* _Task data_:
*** Begin section ***

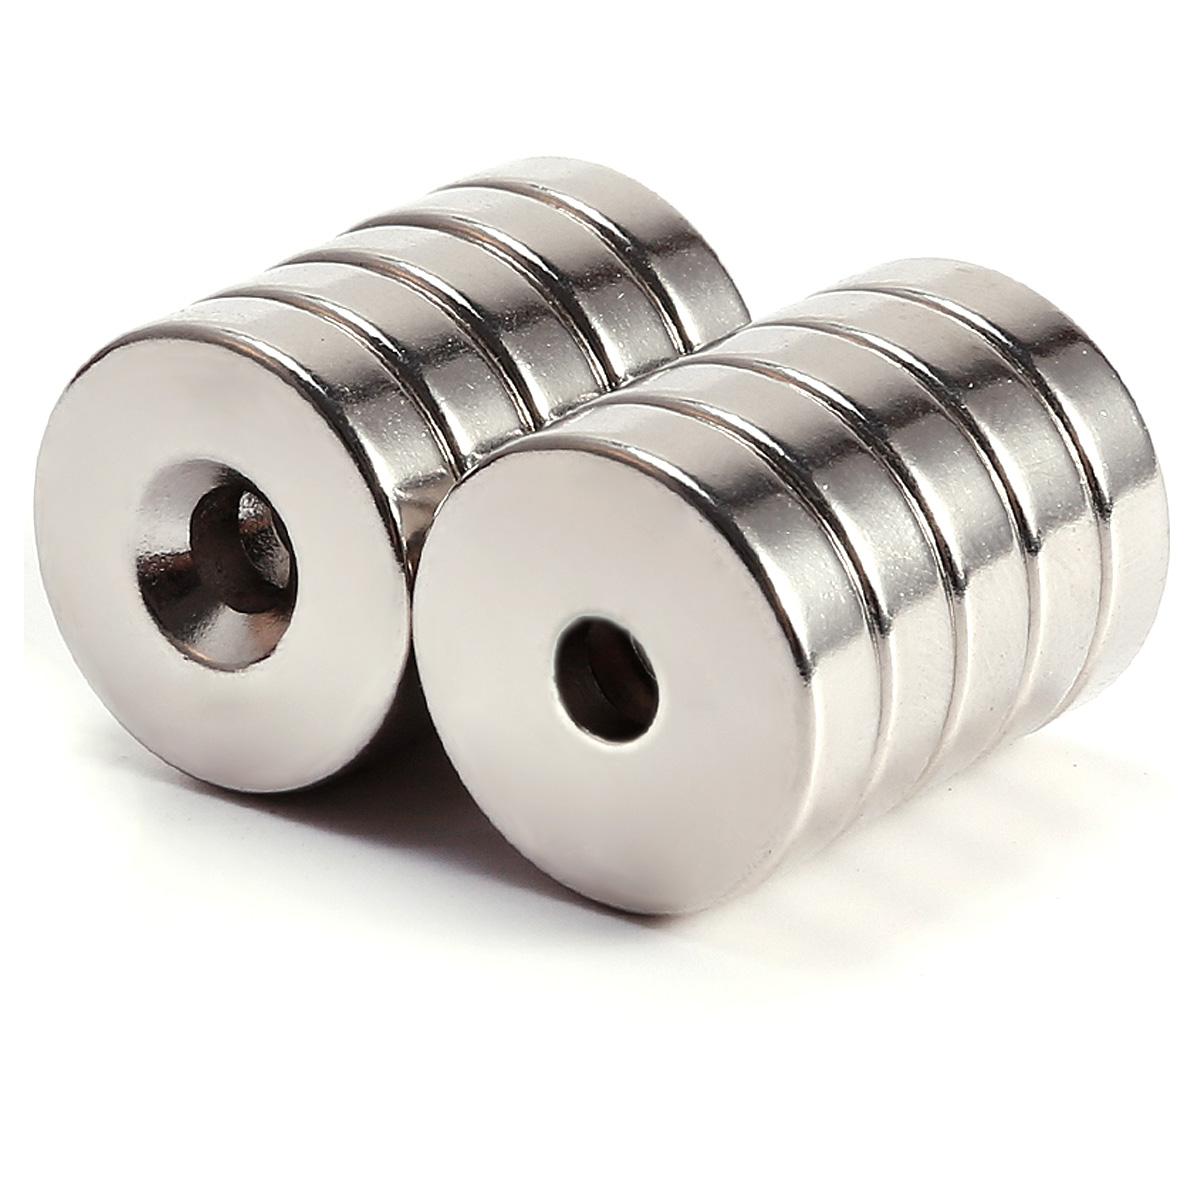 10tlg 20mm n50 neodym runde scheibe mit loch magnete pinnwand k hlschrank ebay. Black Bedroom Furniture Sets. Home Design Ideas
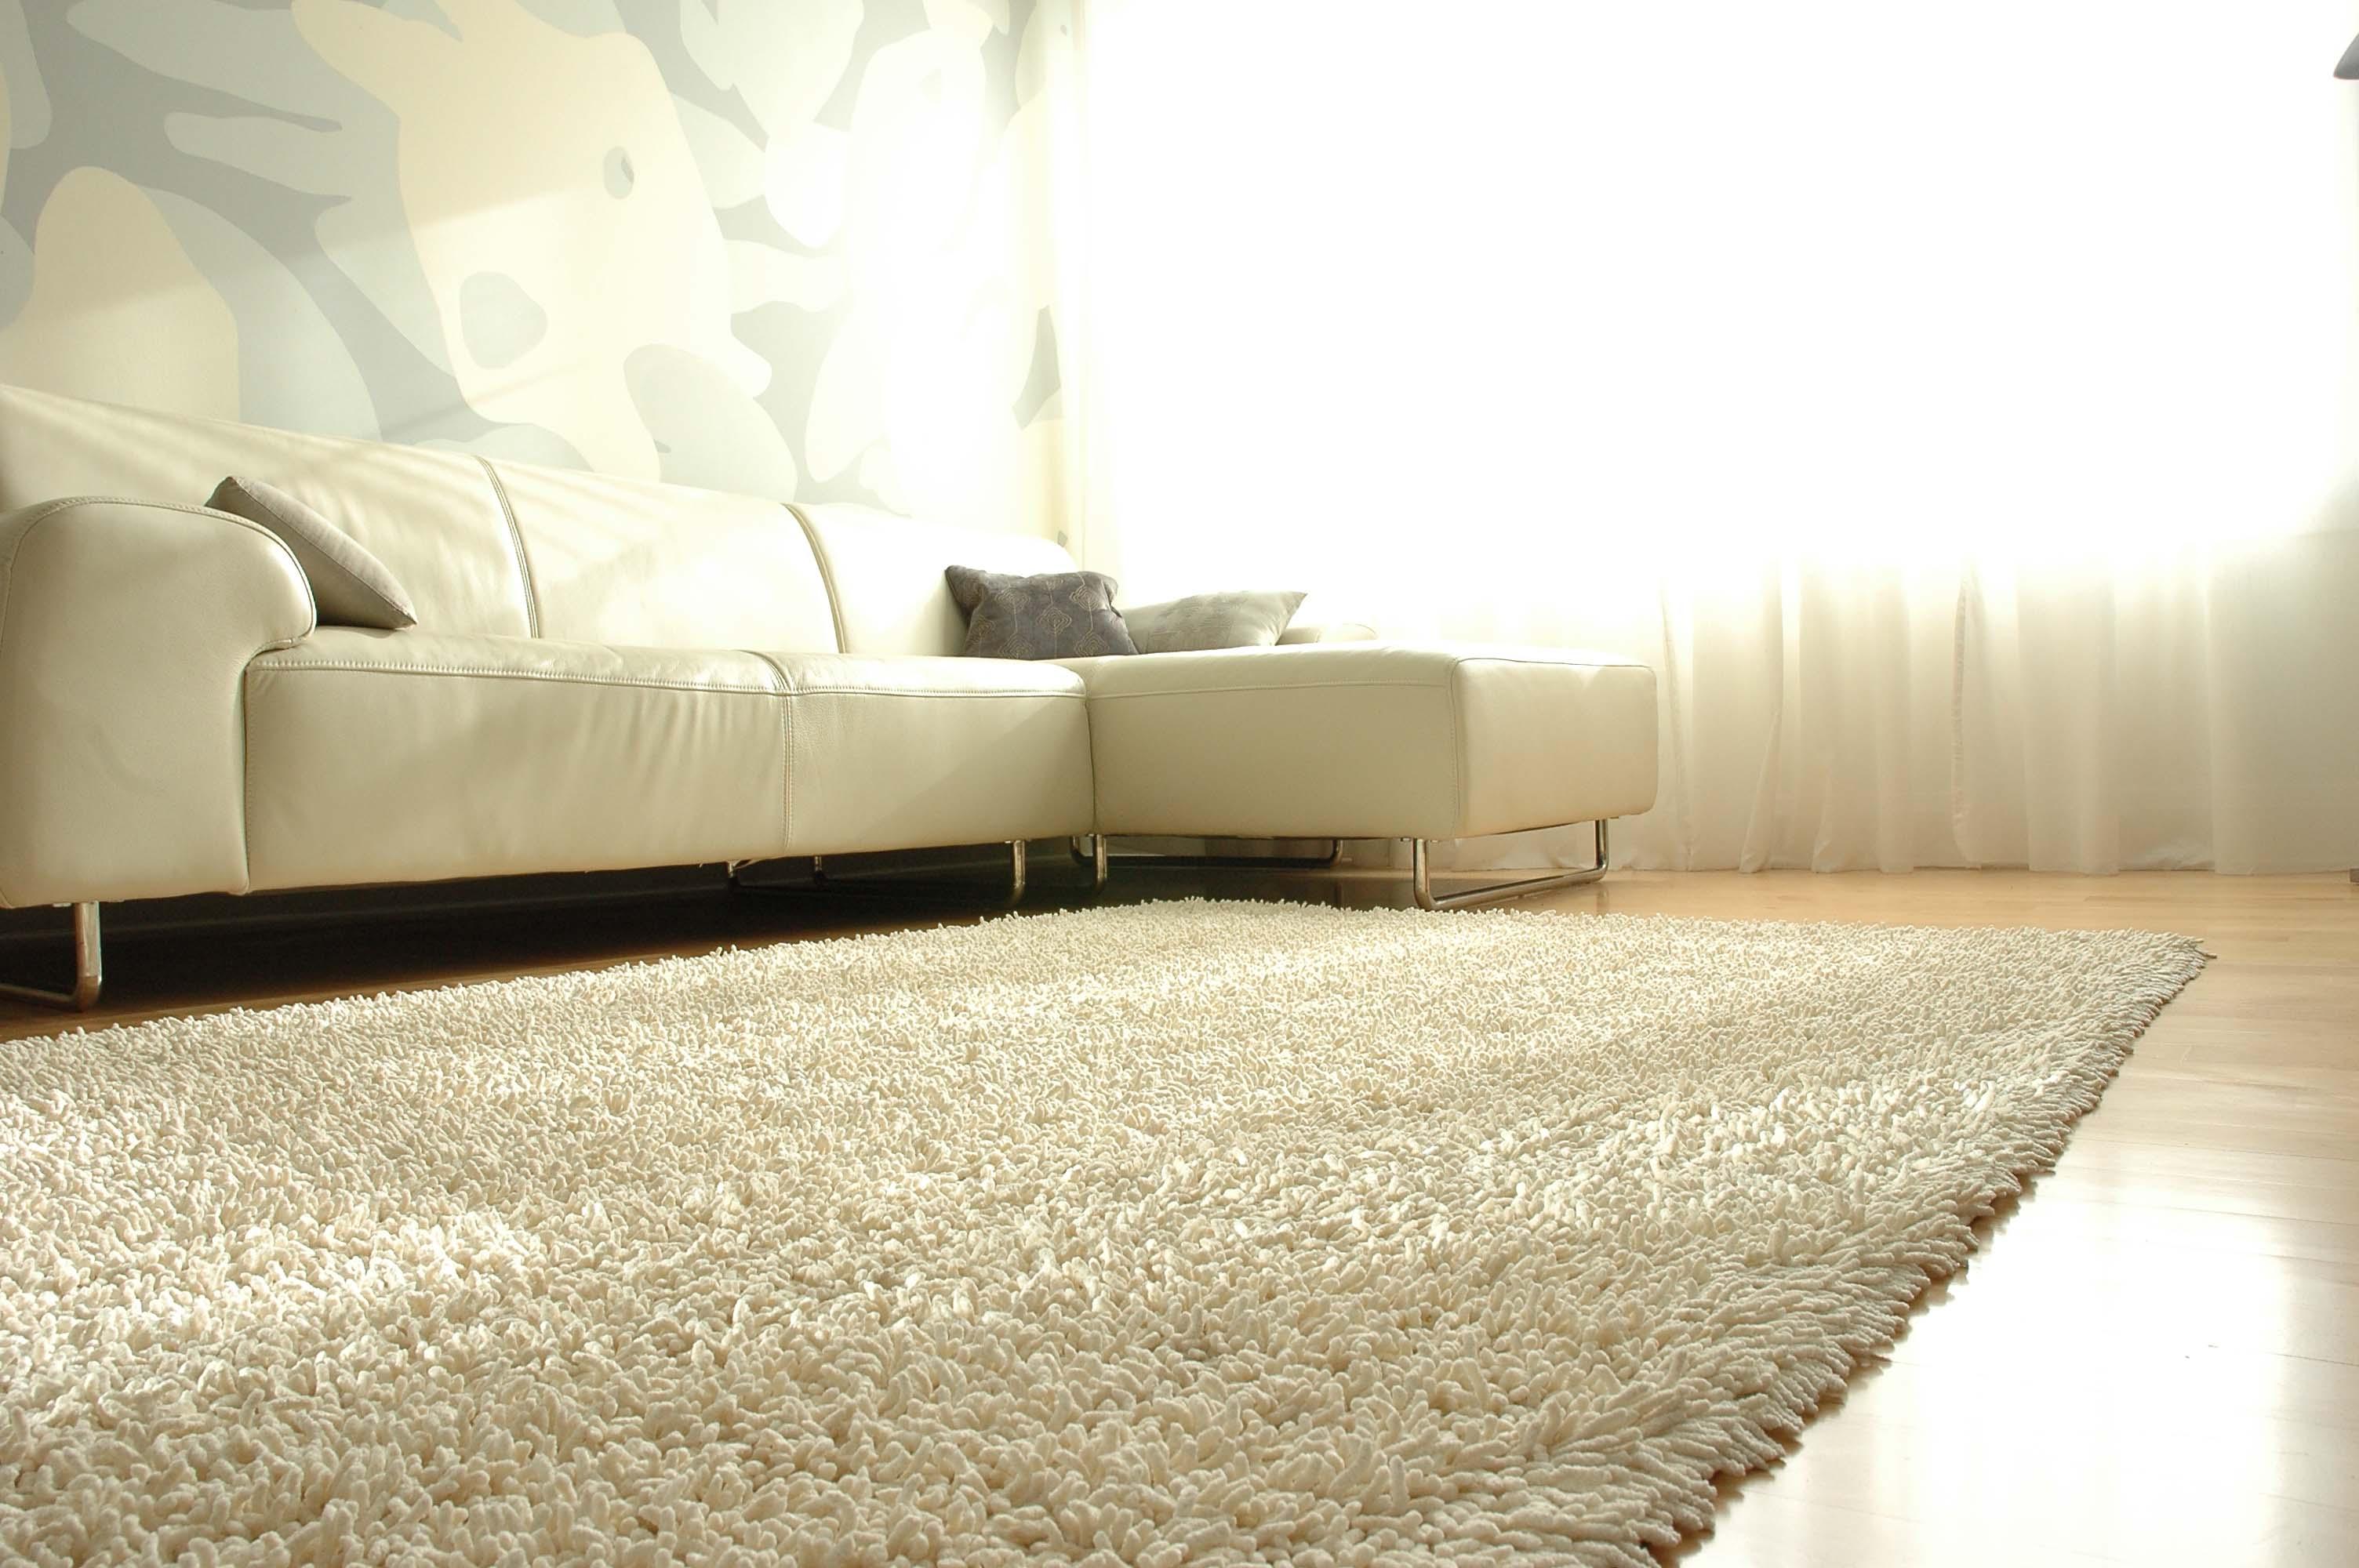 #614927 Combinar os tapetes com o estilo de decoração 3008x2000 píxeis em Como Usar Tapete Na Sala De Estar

*** End section ***
*** Begin section ***

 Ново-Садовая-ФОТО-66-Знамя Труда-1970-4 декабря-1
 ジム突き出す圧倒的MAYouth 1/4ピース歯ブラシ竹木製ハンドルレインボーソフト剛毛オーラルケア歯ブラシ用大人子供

*** End section ***
*** Begin section ***

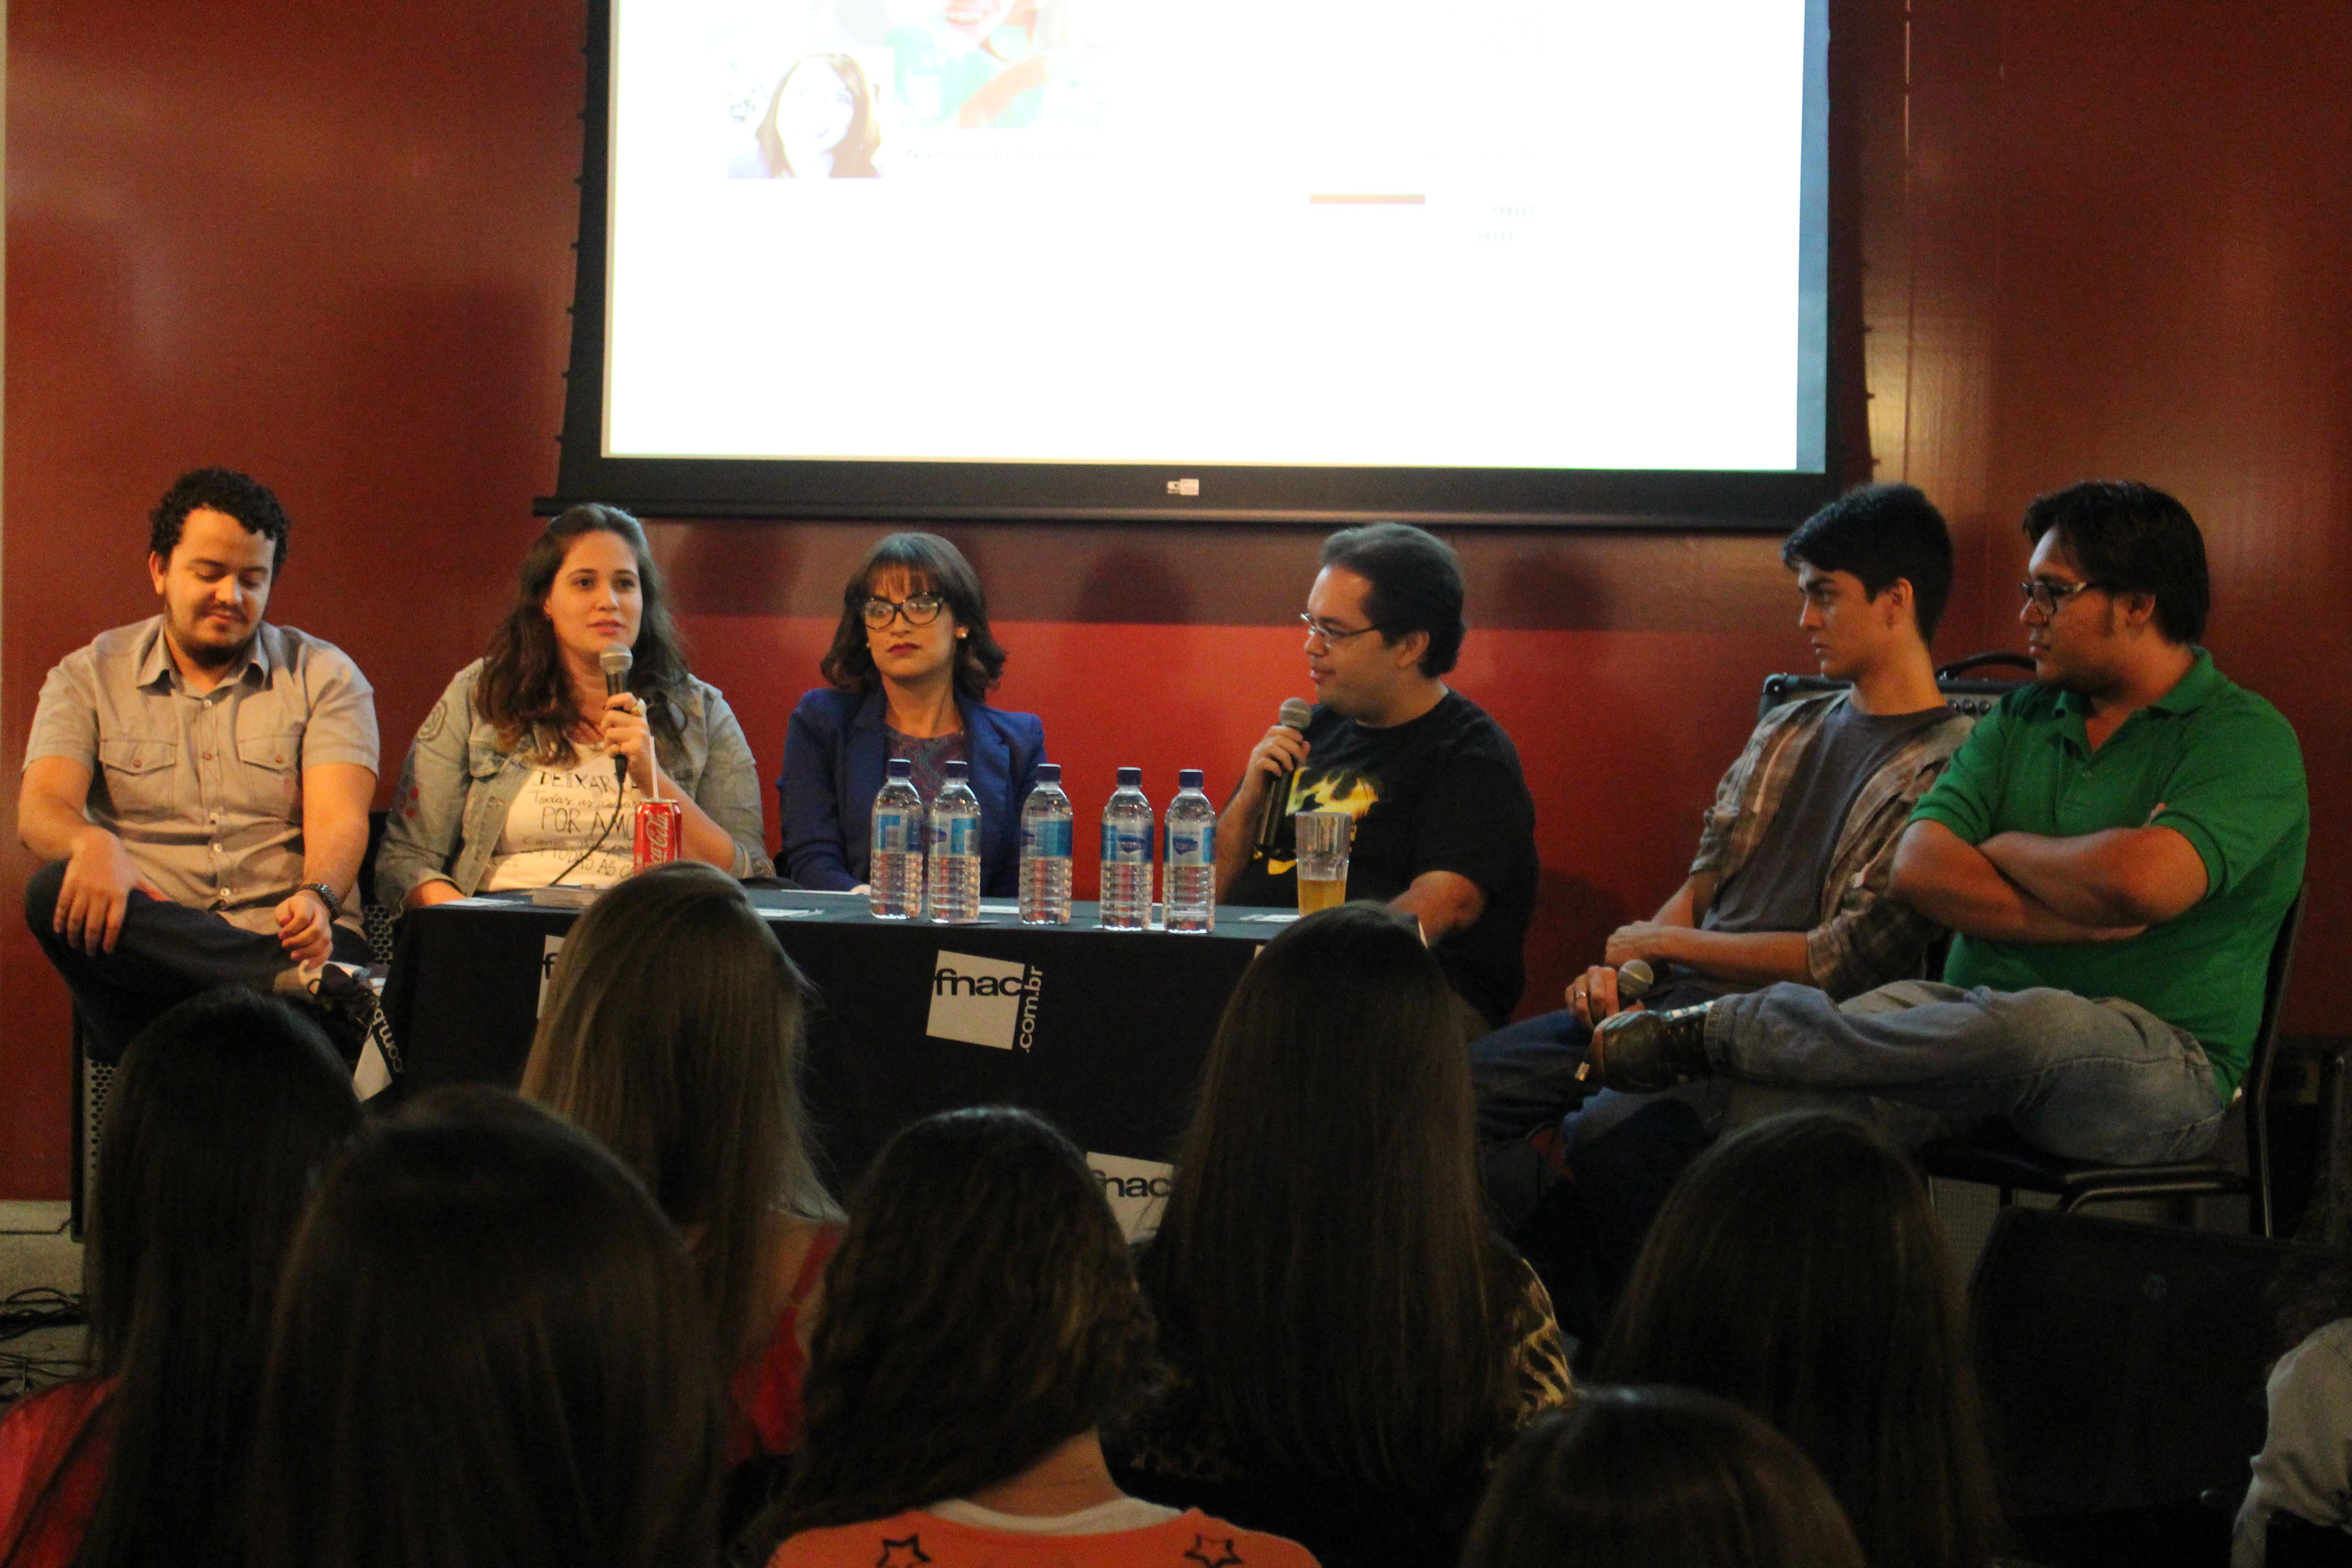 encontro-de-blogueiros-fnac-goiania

*** End section ***

* _About this task_:
Repeat only the stretch of data above that runs from the line with "10tlg 20mm n50" to the line with "#614927 Combinar os". Keep both end lines; exclude pictures.

* _Response to the exercise_:
 10tlg 20mm n50 neodym runde scheibe mit loch magnete pinnwand k hlschrank ebay. Black Bedroom Furniture Sets. Home Design Ideas
 #614927 Combinar os tapetes com o estilo de decoração 3008x2000 píxeis em Como Usar Tapete Na Sala De Estar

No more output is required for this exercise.